*** Supplied material ***

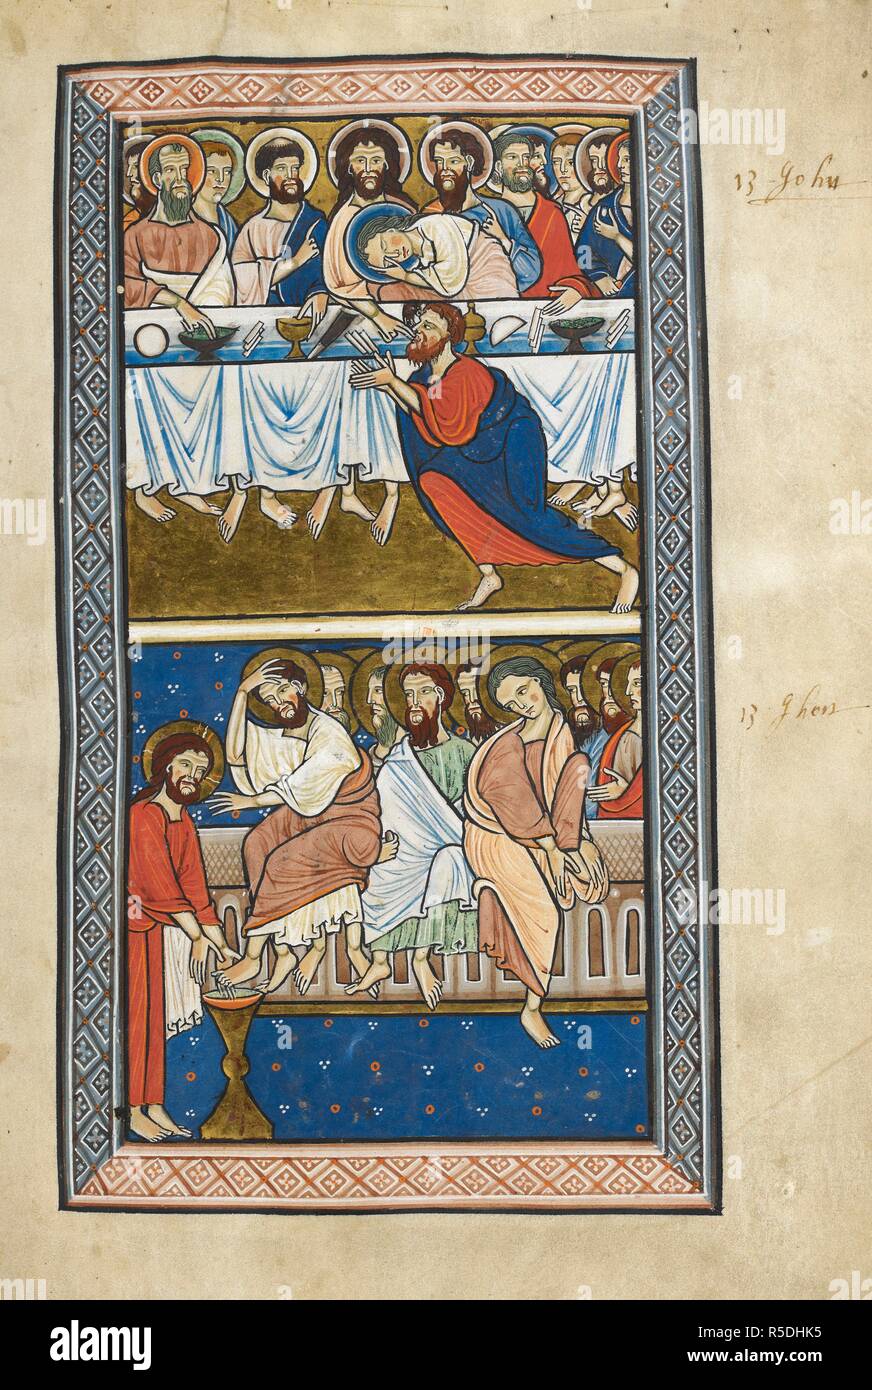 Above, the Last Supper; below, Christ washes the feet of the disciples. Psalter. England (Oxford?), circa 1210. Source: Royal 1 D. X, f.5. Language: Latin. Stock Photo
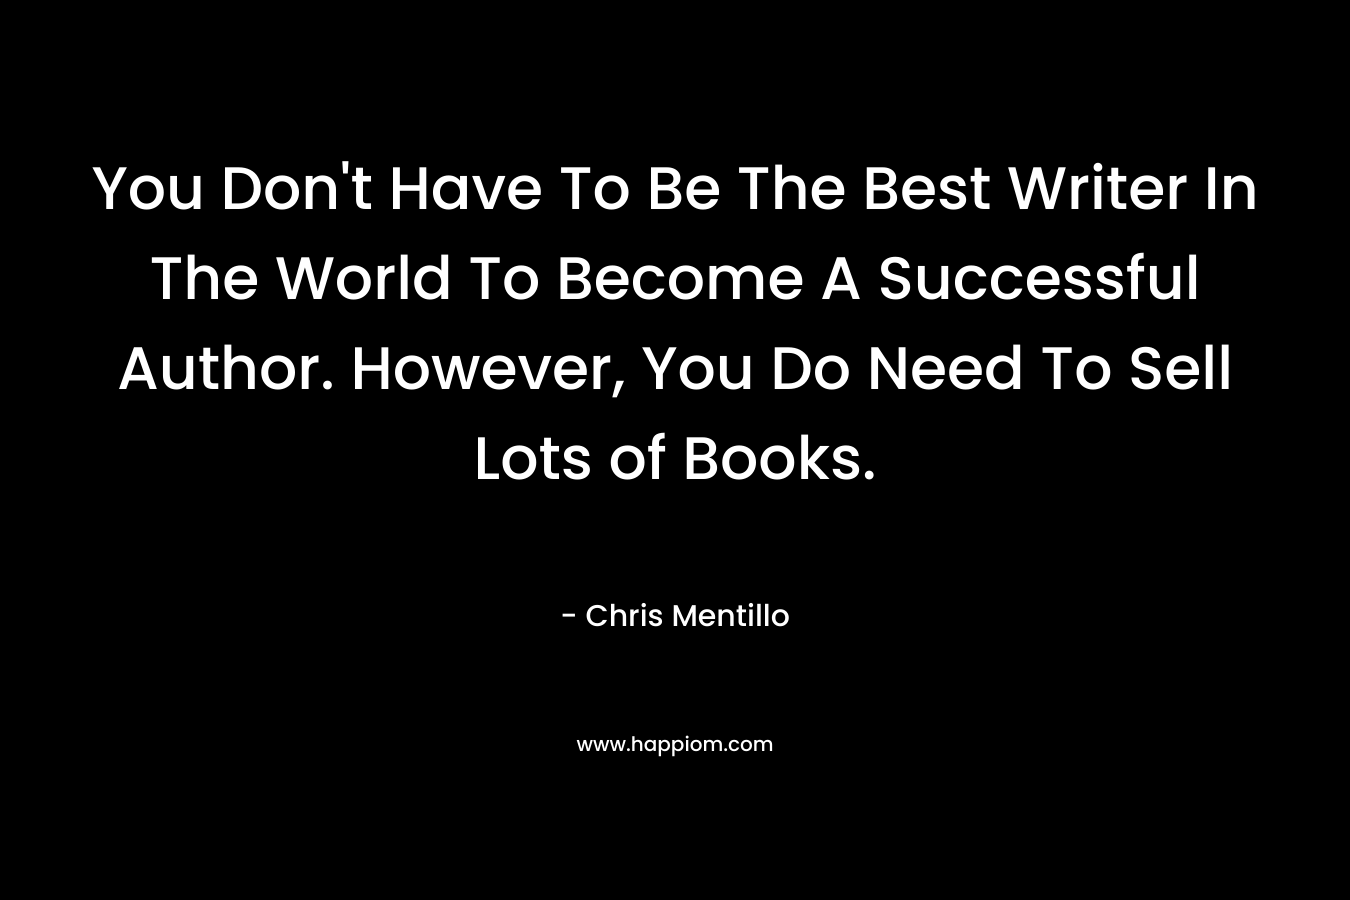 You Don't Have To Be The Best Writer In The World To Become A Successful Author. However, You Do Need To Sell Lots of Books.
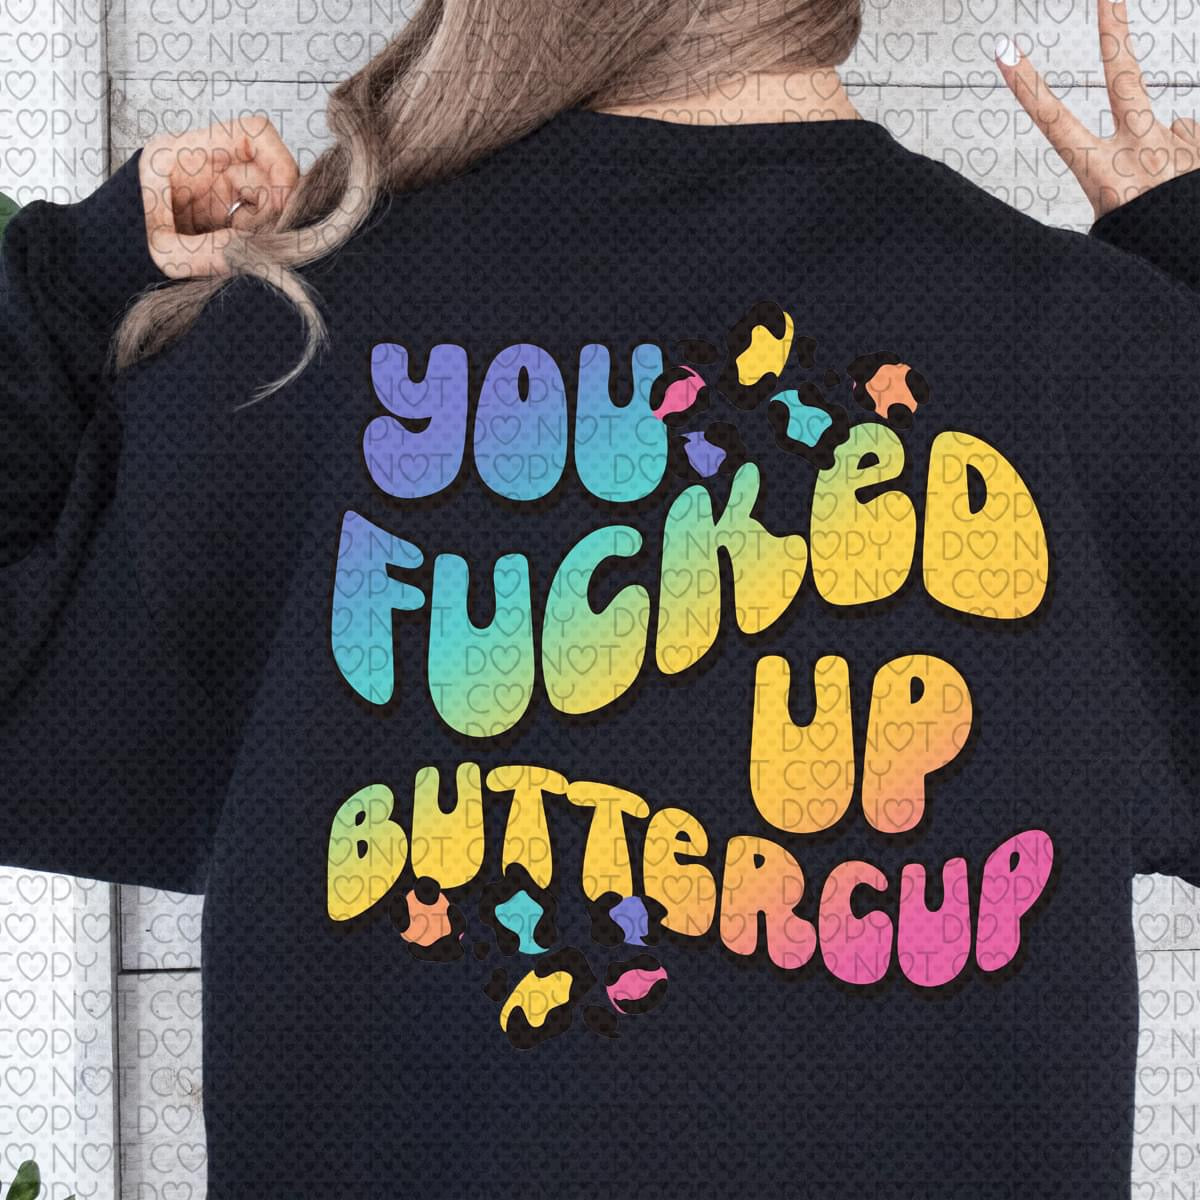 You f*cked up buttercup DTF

*** End of Supplied material ***

* **Task objective**
Please return the full listing exactly as given, with the images left out.

* **Answer box**
 Above, the Last Supper; below, Christ washes the feet of the disciples. Psalter. England (Oxford?), circa 1210. Source: Royal 1 D. X, f.5. Language: Latin. Stock Photo
 You Don't Have To Be The Best Writer In The World To Become A Successful Author. However, You Do Need To Sell Lots of Books.
 You f*cked up buttercup DTF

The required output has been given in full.